*** Opening Data in this exercise ***

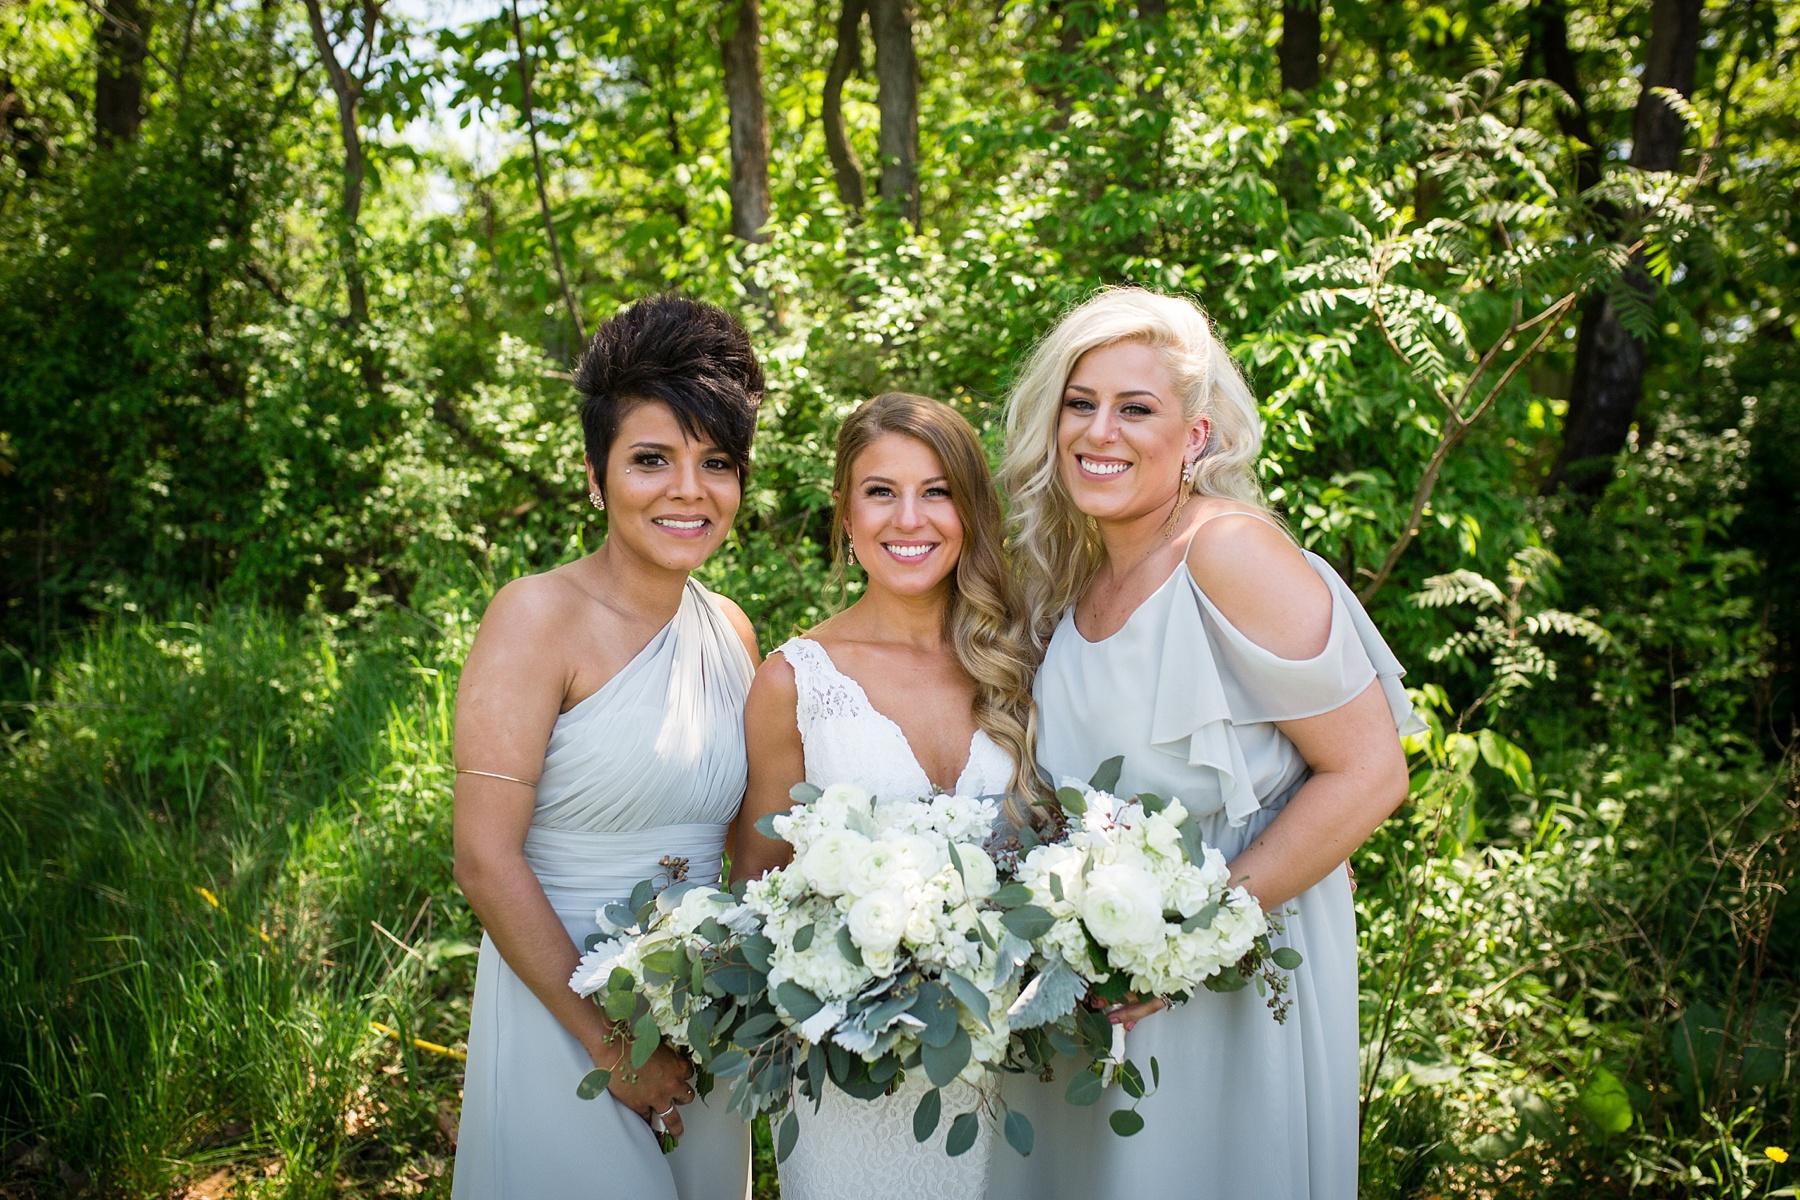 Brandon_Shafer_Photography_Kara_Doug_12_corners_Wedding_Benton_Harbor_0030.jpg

*** Closing Data in this exercise ***
*** Opening Data in this exercise ***

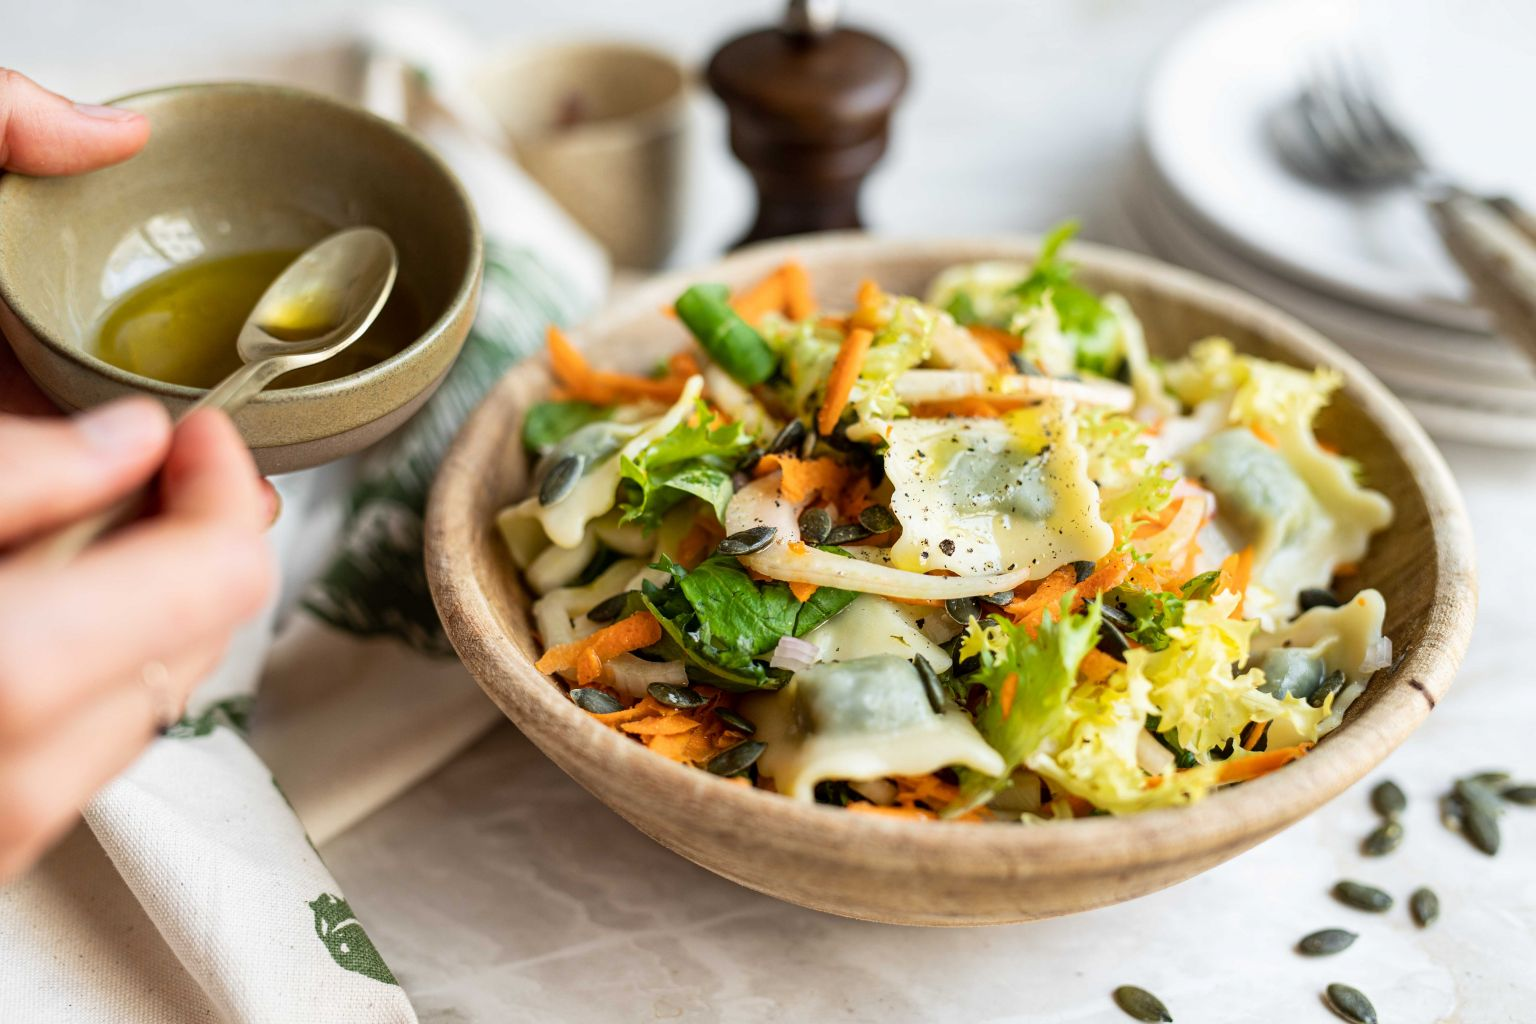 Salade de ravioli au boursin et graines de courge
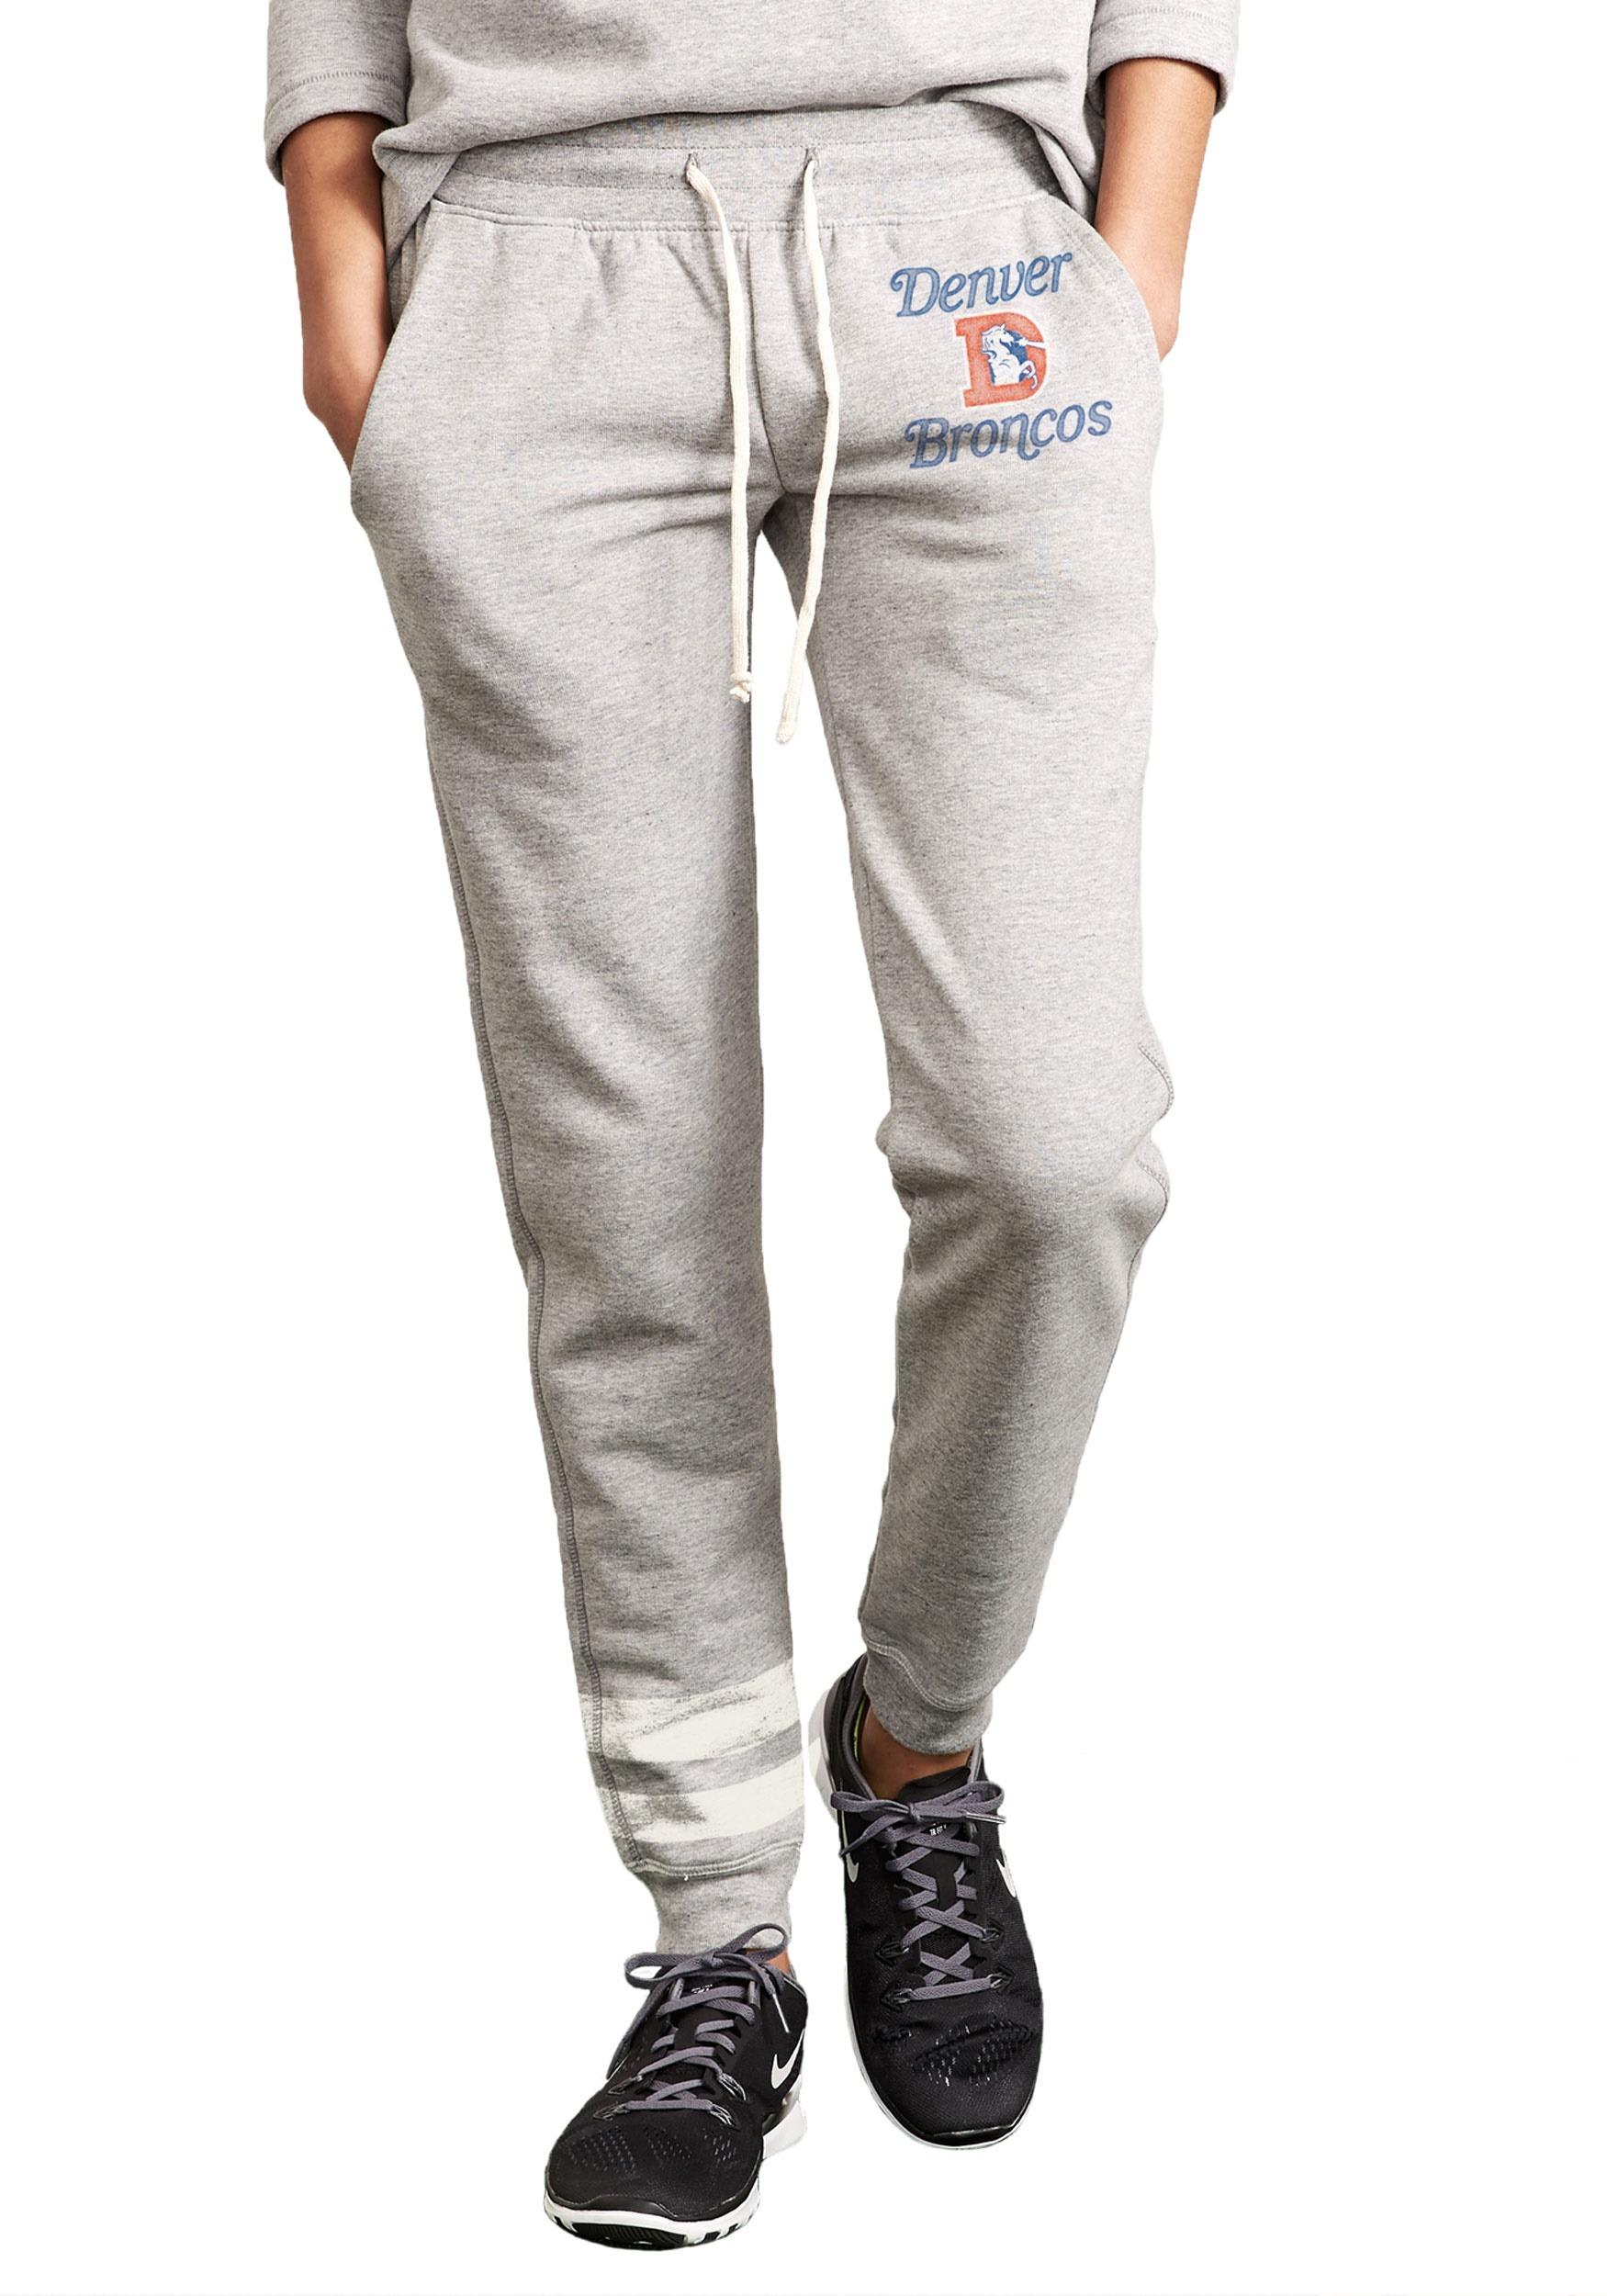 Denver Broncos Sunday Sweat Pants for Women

*** Closing Data in this exercise ***
*** Opening Data in this exercise ***

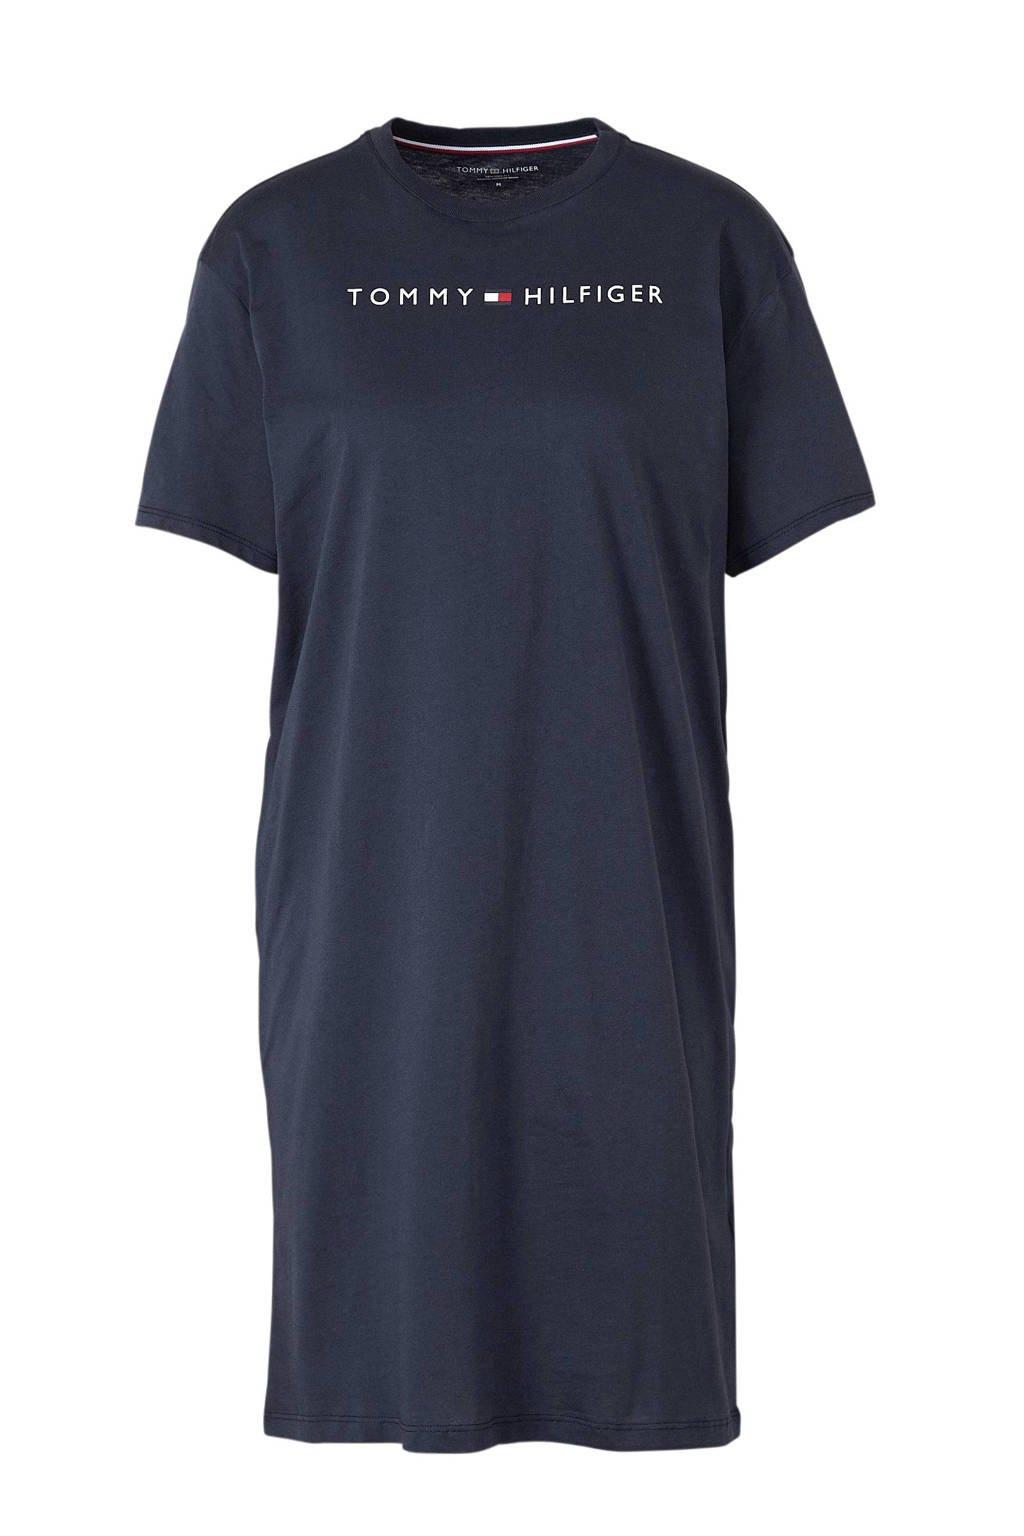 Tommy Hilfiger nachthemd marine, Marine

*** Closing Data in this exercise ***

**Your task:** Set down again, exactly, every line above from the one with "Salade de ravioli" down to the one with "Denver Broncos Sunday Sweat Pants for Women", both ends included. No pictures, and nothing else.

**Solution below:**
 Salade de ravioli au boursin et graines de courge
 Denver Broncos Sunday Sweat Pants for Women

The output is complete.